Gopal’s passion for statistics and his gift for remembering details pushed him on to the field of records. Today, three rooms in his south Bangalore abode house stockpiles of the scorecards of every Test played since 1877 and every one-day international played since 1971. Also heaped in these rooms are some rare books on cricket and souvenirs such as an autographed picture of the Indian spin quartet of the 70s, and an autographed scoresheet of the first Test he appeared in.

Gopal put his meagre money where his passion is. “I took a loan of Rs 2,000 from my PF account to pick up a set of Wisden books because of my passion to write descriptively about numbers,” he says.

The singular disappointment of his career? He could not make it as statistician for AIR for the matches played in Pakistan during the 1996 World Cup because the central government turned down his application on grounds of security.

Building partnerships
Over the years, Gopal has developed special bonds with several cricketing legends. He has passed them extraordinary details of their own careers and that of their teams. Talking to Hindustan Times, Test captain Anil Kumble gave a measure of Gopal’s labour: “He comes up with all kinds of fantastic stats. He keeps sending us a lot of it and that’s always useful to the team.”

To Gopal, the most satisfying moments are when players acknowledge his effort. “Bishen [Singh Bedi] walked up to me during the golden jubilee match (India vs England, Mumbai, 1980-81) and asked when I would write the next series of commemorative books. Woolmer called Hansie Cronje over and spoke nostalgically after I gave him a book of his performances,” says Gopal.

He of course owes much to his guru, Anandji Dossa, chairman of BCCI’s Statistical Committee formed in 1975-76. “I revere him so much that I decided to name my second son after Anandji.” However, it’s Gopal who pioneered the simple and useful concept of using colour ballpoint pens on scorecards. “It struck me one hot afternoon that drops of perspiration could blotch the scores, so I started using different colors for a single, twos, threes, and boundaries. Its now common among scorers,” he said.
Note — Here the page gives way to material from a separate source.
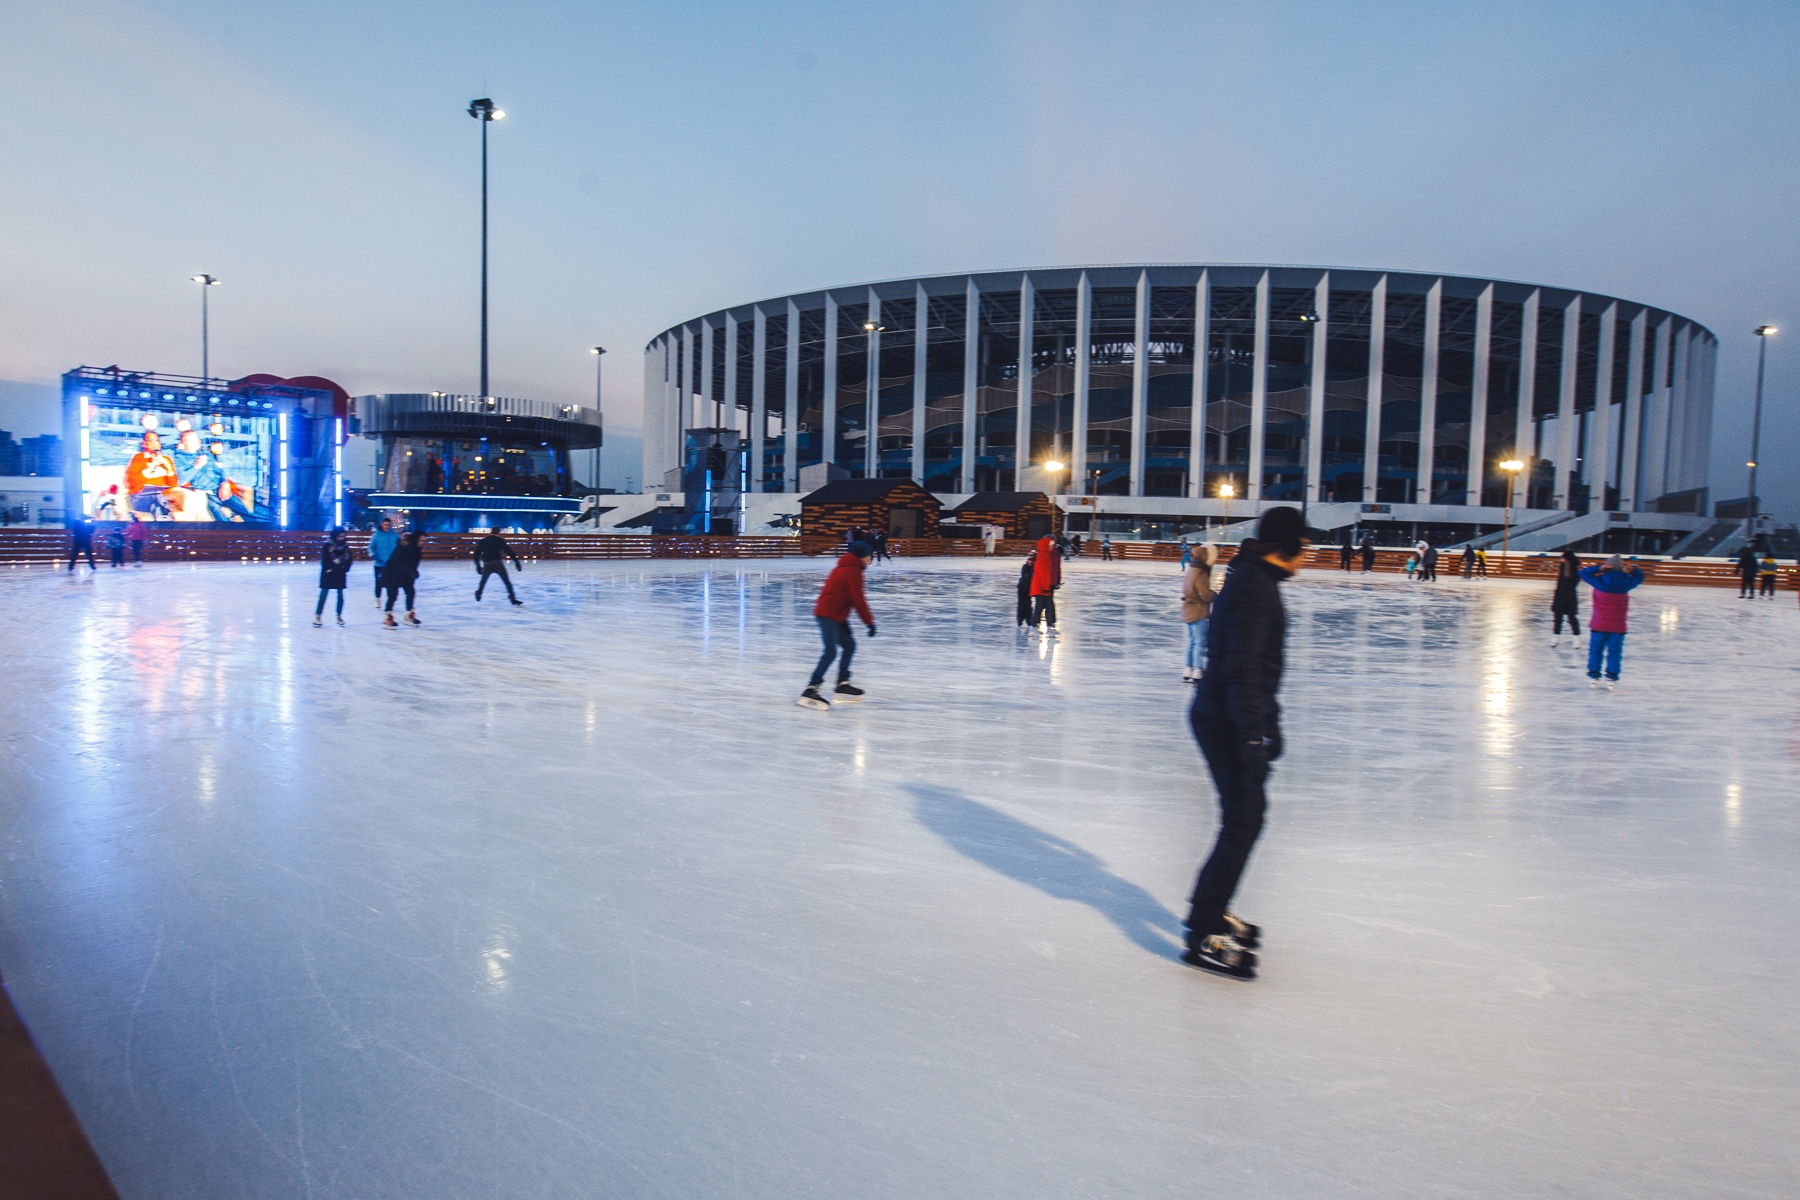 Каток откроется на территории стадиона «Нижний Новгород» 25 декабря

Today, Gopal’s personal scorecard reads: scorer/statistician in 27 Tests and 31 ODIs.

When one keeps aside the scorecard, a man of striking paradoxes emerges. He wanted to be an electrical engineer, but when he passed out in 1971, he ended up joining Dena Bank as a clerk. “For six years, many of my classmates couldn’t get jobs as electrical engineers. I was lucky... and I never gave up writing about performances and facts and figures,” he says.

On his appointment as the official statistician for BCCItv and IPLT20, cricket writer Rajan Bala said: “He has to evolve beyond figures because most eminent writers would know most of it. He must tell us rare stuff such as whether (keeper-batsman) Budhi Kunderan open the bowling for India.”

Gopal does one better: he adds Sunil Gavaskar, ML Jaisimha (both batsmen), V Subramanya and Ramesh Saxena (spinners) to the list of non-bowlers who opened.